# It's the little things...



## meohme (Apr 2, 2014)

It puts me in tears to see when H takes the initiative to resolve issues that do not have anything to do with fixing our marriage.

I have gone to counseling by myself to work on me, and the only thing I asked him to do is go as well. He made an appointment, but didn't go or reschedule. But on the other hand someone (his mother) can make a simple statement about his niece needing new shoes, and he ups and buys them. She didn't even ask and she wasn't telling him with intentions for him to buy them, yet he took the initiative. Just last night his computer died, and in the back of my mind I knew he was going to replace it. This morning he calls me at work and tells me that he dropped it off at the repair shop. Almost as soon as he said that tears began to fall. 
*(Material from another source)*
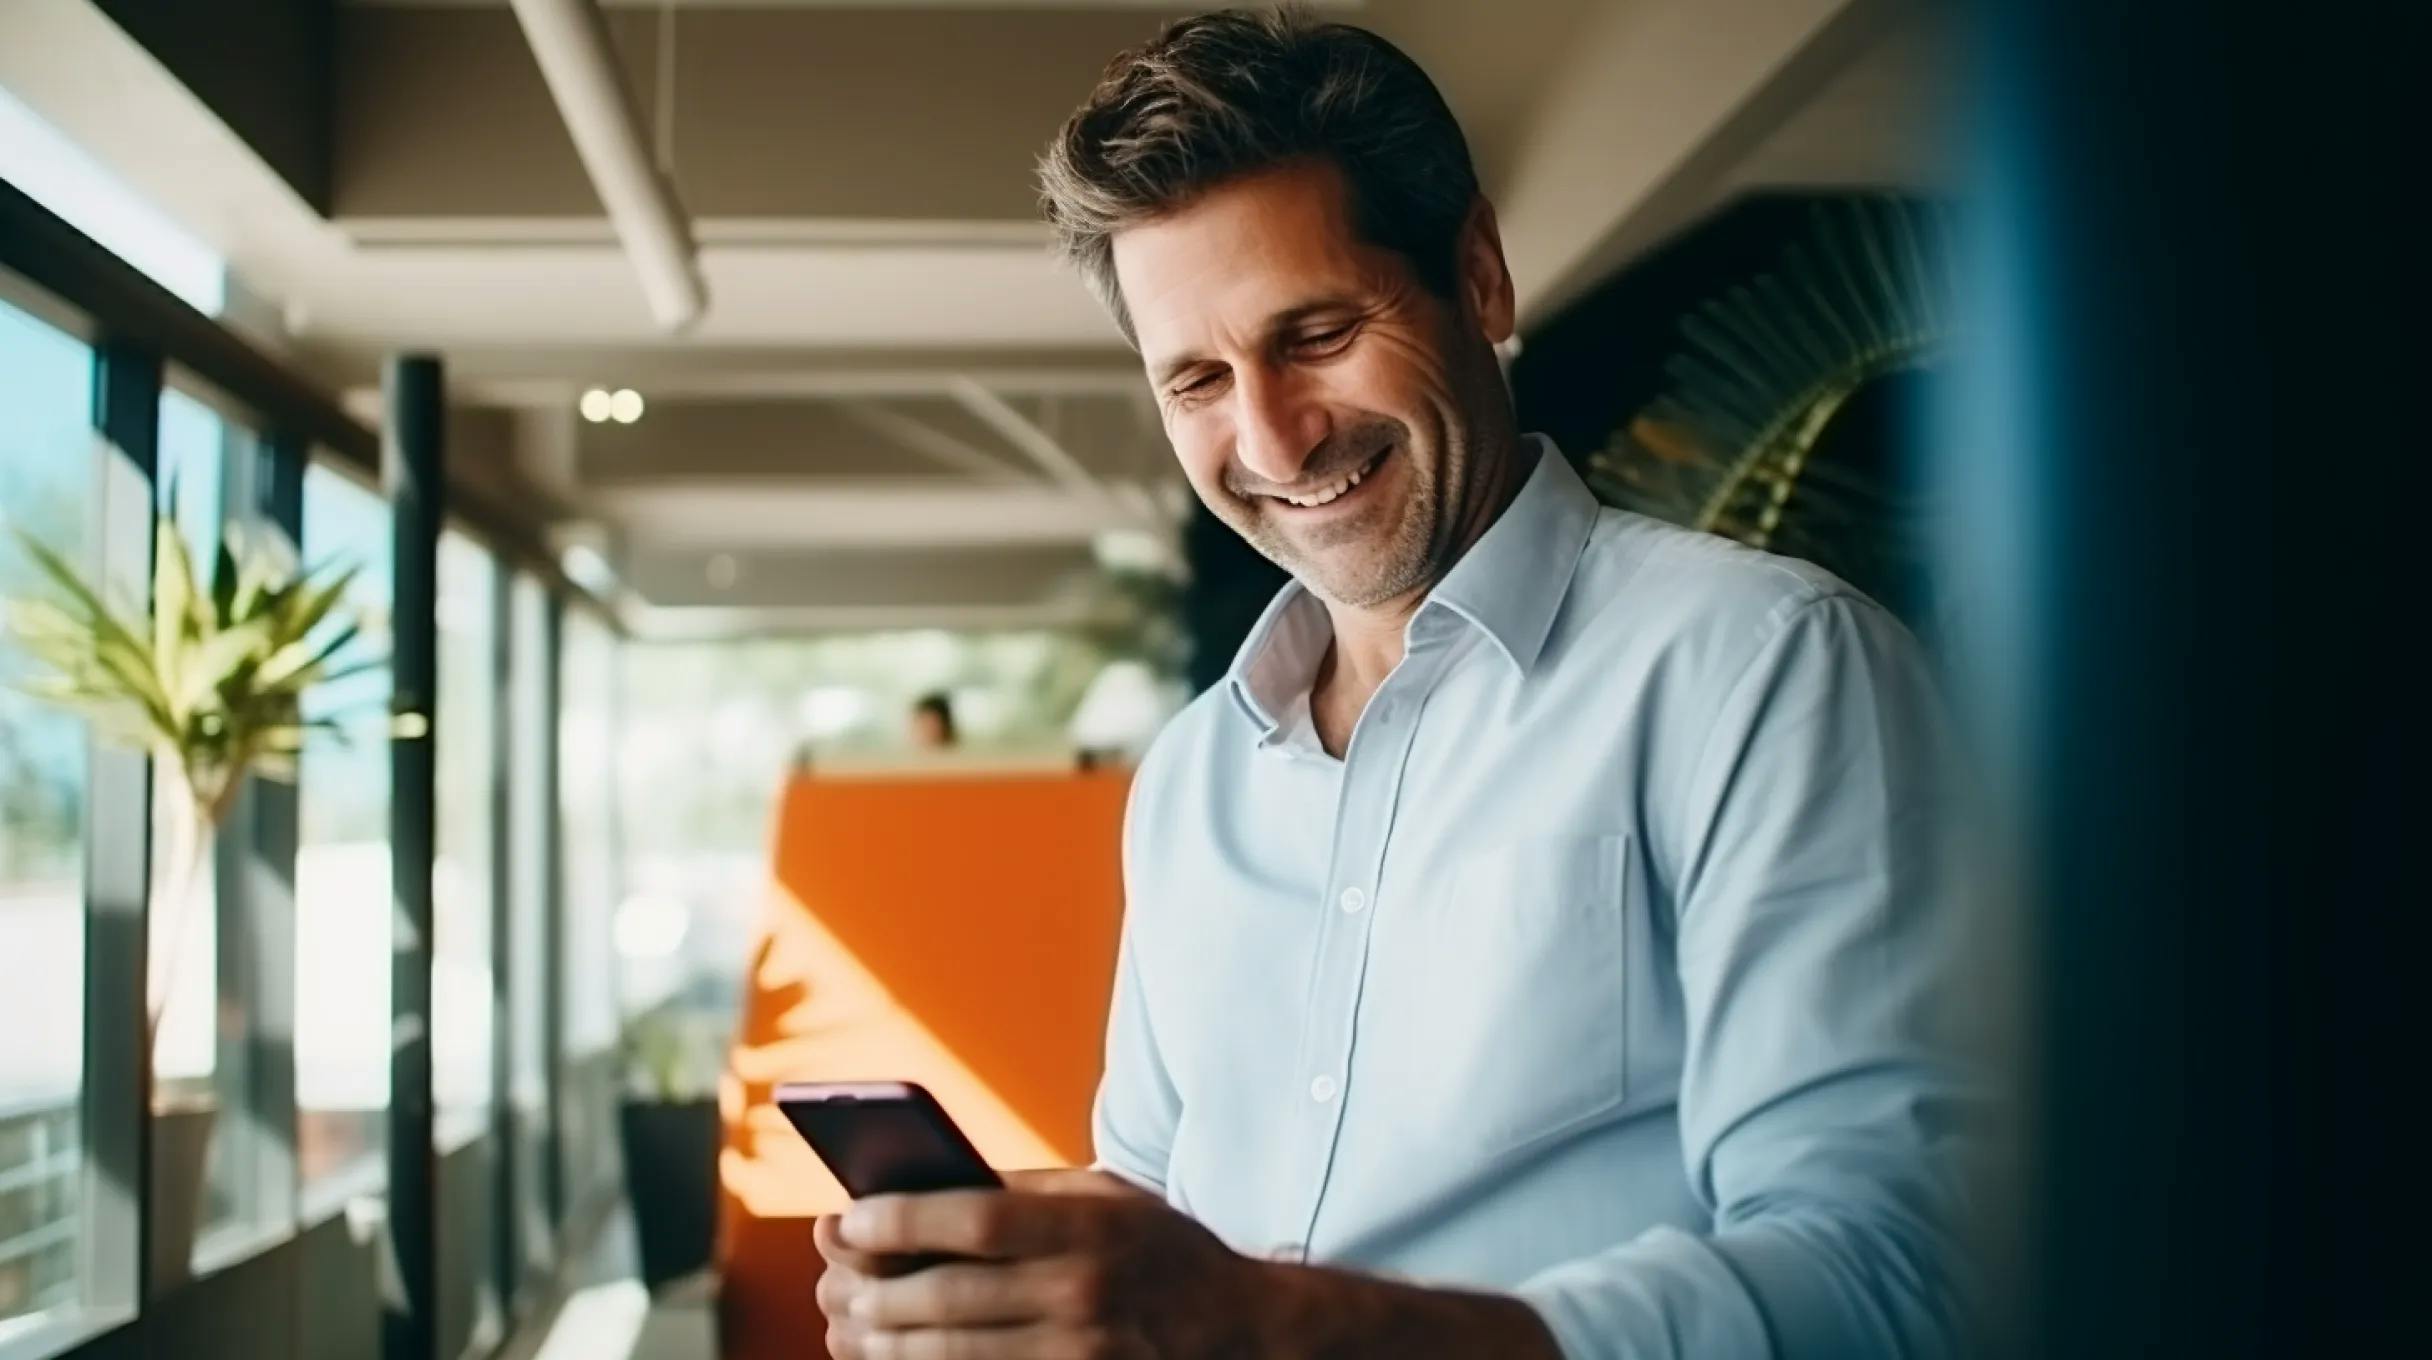 A man smiling while looking at his phone.

I feel like if it is something that he cares about then he has no problem trying to fix it. So if that's the case where does that leave me. It just makes it seem like I am not worth it. We have had this conversation several times, and after this morning I am really starting to see things how they really are. It's hurtful feeling like you don't matter 

I'm guessing these are what you call triggers?? Any advice on how to deal is appreciated.


----------



## morituri (Apr 1, 2011)

He's incorrigible and you did the right thing in separating from him the first time. So unless you're addicted to the drama, I'd suggest you separate again but this time for good.


----------



## workindad (May 7, 2011)

You matter. However, as long as you tolerate/enable a behavior that is hurtful to you- you can expect it to continue.
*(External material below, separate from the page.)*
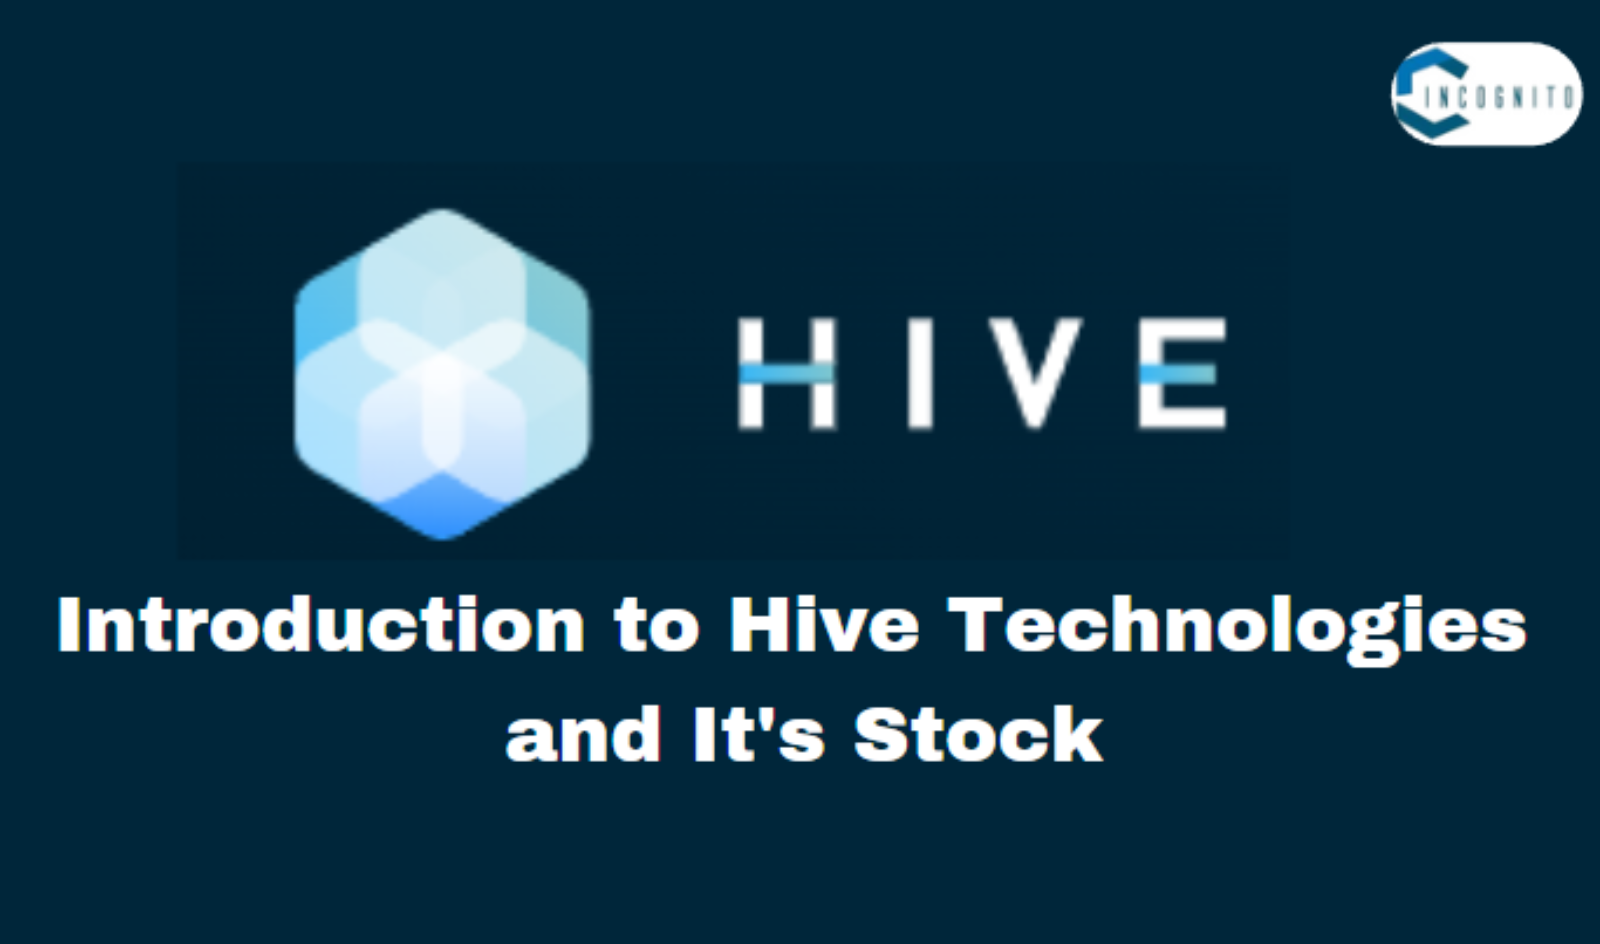 Introduction to Hive Technologies and Its Stock

Have you tried telling him how it makes you feel? If yes, what was his response?

At the end of the day, you have the power to change your life based on the decisions you make.
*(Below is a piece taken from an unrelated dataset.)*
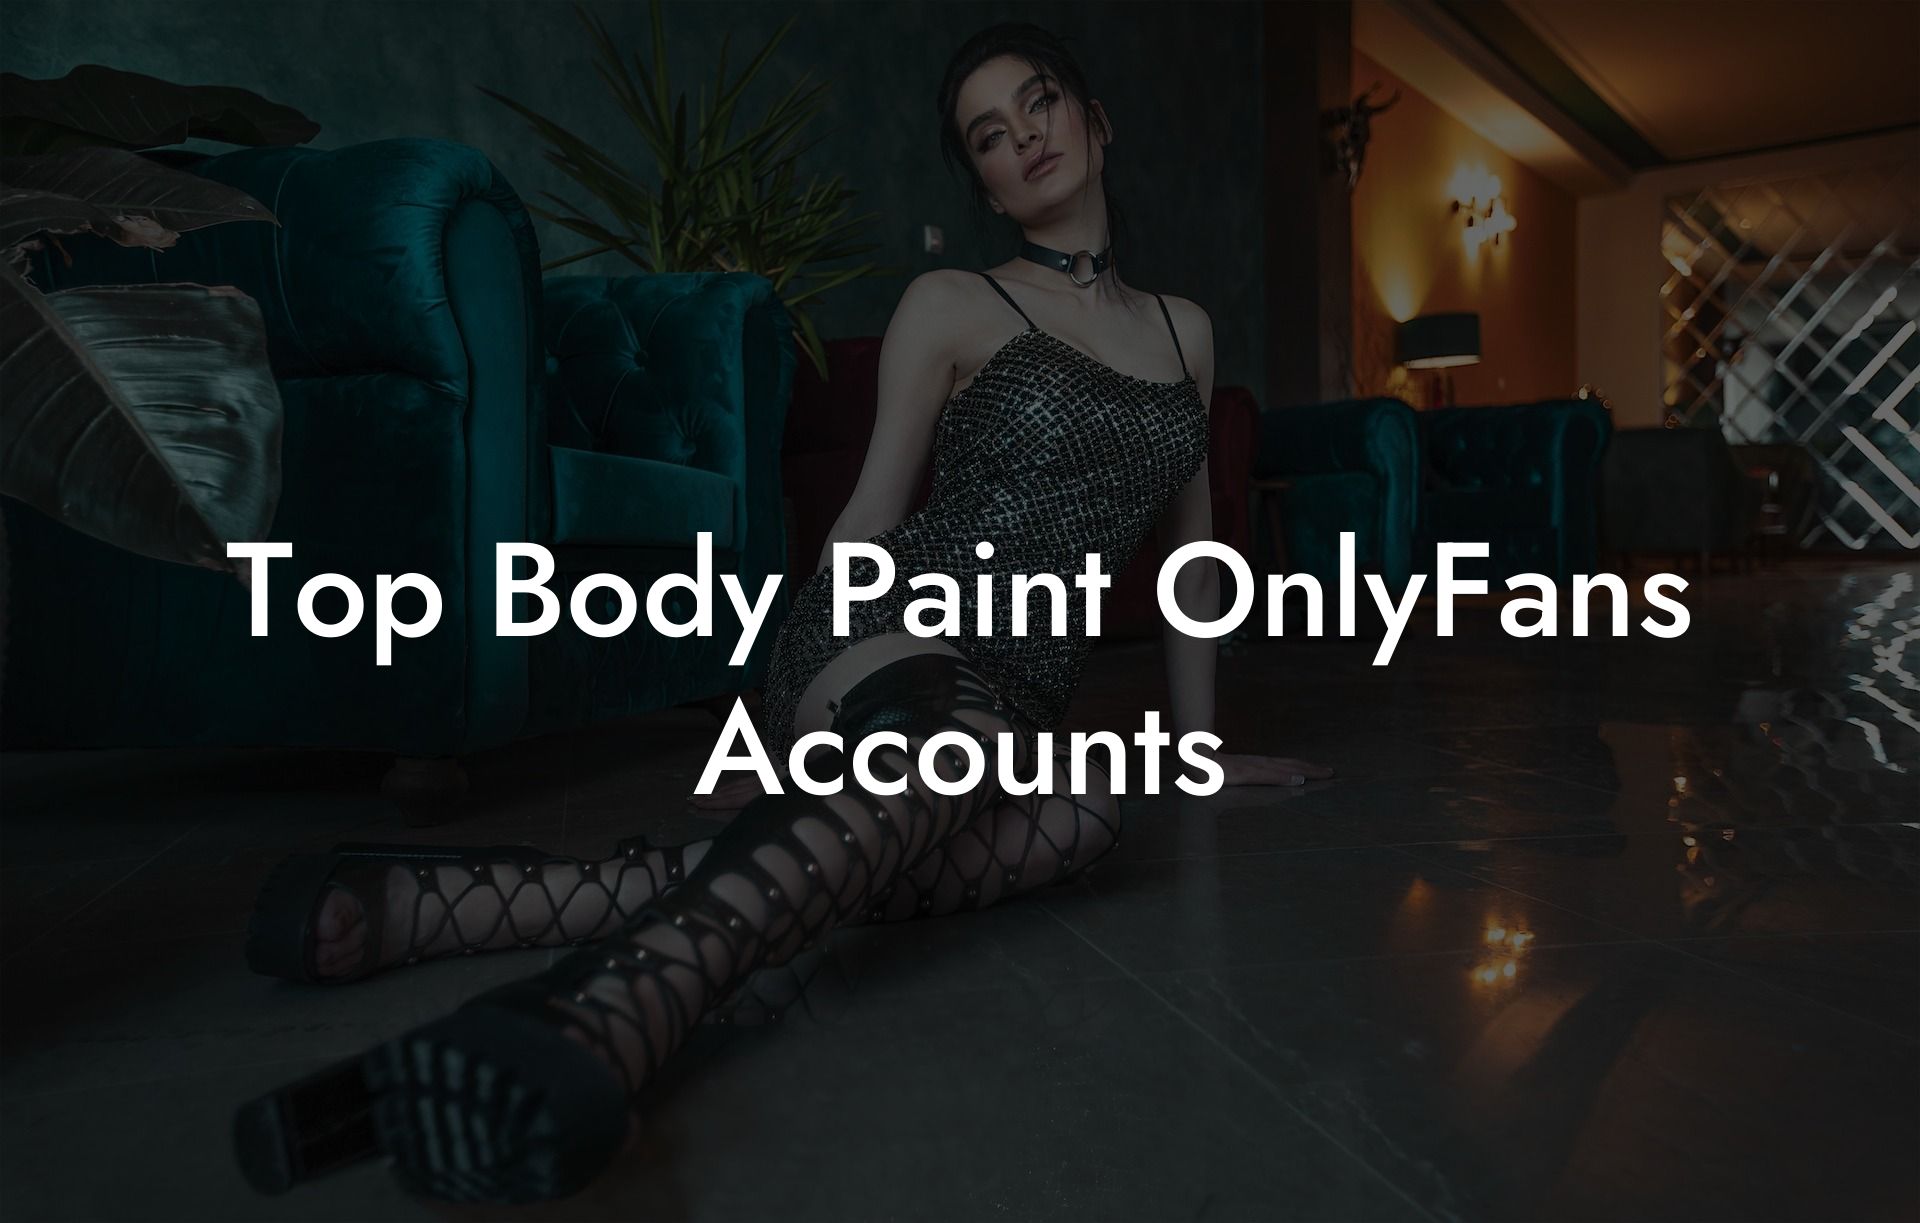 Top Body Paint OnlyFans Accounts

Of you do nothing, expect the same to continue and to condemn yourself to ongoing pain.

Either force the issue to be addressed, or file for D and leave him for good or do nothing and accept more of your current situation.

The good news is that the choice really is yours.

Goo luck
WD


----------



## MattMatt (May 19, 2012)

Your husband has a sort of caveman mentality. "Me fix! Me fix, good!"

But he can fix things like pairs of shoes, a broken computer but important stuff? He goes all: "duh... Sorry. Can't cope with that stuff."


----------



## MattMatt (May 19, 2012)

morituri said:


> He's incorrigible and you did the right thing in separating from him the first time. So unless you're addicted to the drama, I'd suggest you separate again but this time for good.


Evening, Morituri! Good to see you!:smthumbup:


----------



## morituri (Apr 1, 2011)

Back at you Matt


----------



## loyallad (Aug 1, 2014)

meohme said:


> It puts me in tears to see when H takes the initiative to resolve issues that do not have anything to do with fixing our marriage.
> 
> I have gone to counseling by myself to work on me, and the only thing I asked him to do is go as well. He made an appointment, but didn't go or reschedule. But on the other hand someone (his mother) can make a simple statement about his niece needing new shoes, and he ups and buys them. She didn't even ask and she wasn't telling him with intentions for him to buy them, yet he took the initiative. Just last night his computer died, and in the back of my mind I knew he was going to replace it. This morning he calls me at work and tells me that he dropped it off at the repair shop. Almost as soon as he said that tears began to fall.
> 
> ...


Read your own post. You answered one big question you obviously have been struggling with for a while. His priorities and yours are in different places. What sucks is he is not making you a bigger priority. Maybe time for you to make a change in your priority. What does your counselor think? Btw you not being one of his main priorities is not a little thing.
_Posted via Mobile Device_


----------



## cdbaker (Nov 5, 2010)

I think you have good cause to me concerned, because you have made these problems a priority while he has clearly struggled with them. His failure to address those problems is a big deal that should be addressed for sure.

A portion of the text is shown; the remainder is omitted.